For regular InSight Crime readers, the International Crisis Group (ICG) report will cover some familiar ground: the arrival of the Zetas criminal cartel from Mexico and its violent attempts to establish a firm foothold in the country; the weak and corrupt government entities that are only half-trying to slow trafficking activities; the nation’s multiple, long-established criminal families who have their tentacles in political and government circles at the highest levels.

The Zetas rightly hold ICG’s attention. Through a series of bold and bloody moves in recent months, the group has tried to make Guatemala its “plaza,” a territory through which it can move drugs, as well as buying or stealing them from others. It’s not clear to what extent they have achieved this goal, although ICG’s researchers make a nice effort to give us the range of estimates of how many Zetas are in the country (500, according to one researcher, and 100, according to the government).

What is missing is an ICG account of the Zetas’ relationship with the local trafficking groups. The report hints at a possible alliance (or at least detente) between the Zetas and the Mendozas, Guatemala’s most powerful and well-connected criminal family. But there is no mention of the powerful local enforcer and trafficker, Horst Walther Overdick, who has provided infrastructure and personnel to the Zetas since their arrival in 2007, and remains a major player in his own right.

To be fair, the report gives an excellent overview of the country’s criminal families. Drawing from extensive reporting done over the years, principally by elPeriodico, as well as dozens of ICG interviews with government officials and security analysts, the report gives the reader a clear picture of how these families have entrenched themselves as a landed political elite.

The extent of this powerbase is most evident in the report’s sections on the Lorenzana and Mendoza families, two of the biggest names in the Guatemalan underworld. The notion is not just that they own most of the businesses, but that they decide who can trade in the areas they control. As one lawyer told the ICG: “If you want to start a business … you don’t ask the city, you ask the Mendozas.”

The principal territory at issue is Peten state, a vast, largely undeveloped area to the north of the country that covers a third of Guatemala’s total area. To the ICG, Peten is the place where these underworld figures can store and move drugs, “diversify their business interests, and, perhaps more importantly, [acquire] a strategic and political base.”

ICG would have done well to explore this further, for at the heart of Guatemala’s underworld is always the issue of a political base. That is certainly the question surrounding the two candidates left vying for president in a run-off set for November, but one that ICG mostly sidesteps.
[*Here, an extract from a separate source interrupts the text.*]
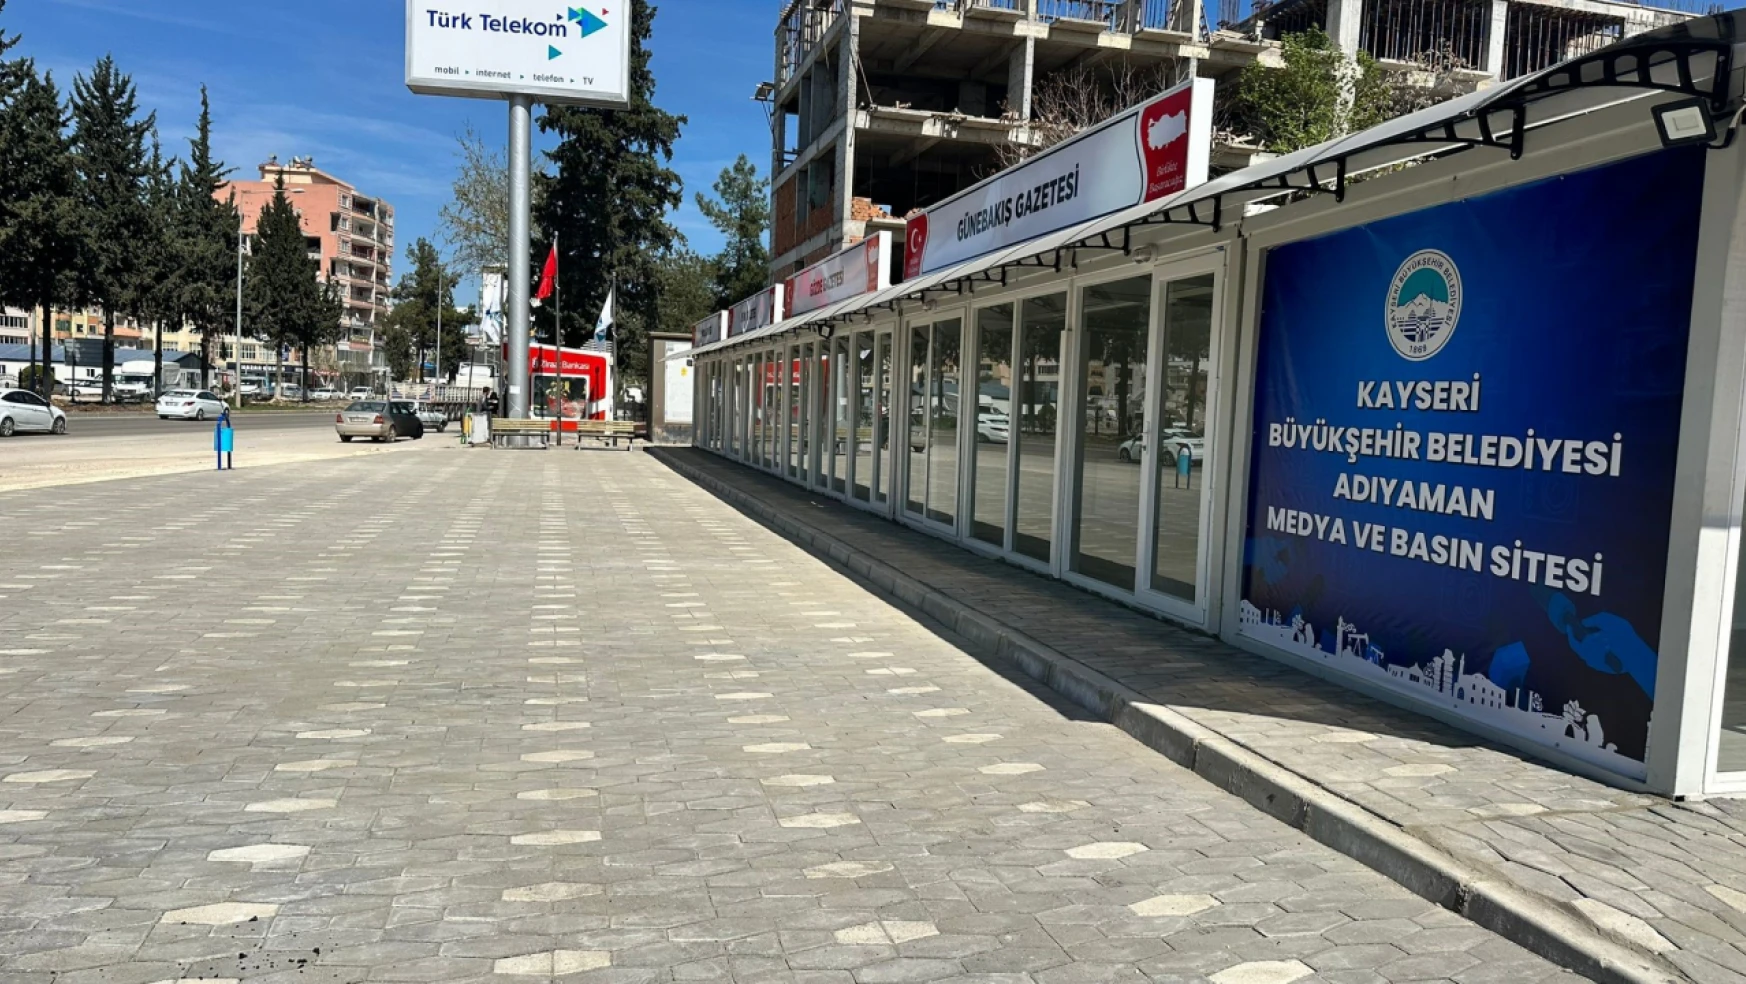 Kayseri Büyükşehir'in Adıyaman Konteyner Basın Sitesi tamamlandı

There is mention of possible support for Otto Perez’s political party in the state of Izabal by forces connected to the Mendoza clan. But the reader learns nothing of Perez’s rival, Manuel Baldizon, and his own possible connections to the same family. And it is taken for granted that the Zetas’ inroads into politics are yet to happen. The answer to these questions could help decipher the next few years in Guatemala.

Still, the ICG has a powerful voice (see list of board members) that resonates in the right government circles. One can imagine them weighing the pros and cons of going after the presidential candidates. Pros: the candidates are highly suspect characters that need to be mentioned in any report on drug trafficking. Cons: they can keep or dispose of the few positive elements the government has in place.

These positives, as the ICG points out, are the country’s Attorney General Claudia Paz y Paz; the head of a police reform commission, Helen Mack; and the United Nations-backed judicial body, known by its acronym CICIG.

The group calls for the next government to keep these in place, but there is little chance they will last deep into the next administration·in a way that befits Guatemala, no matter who wins.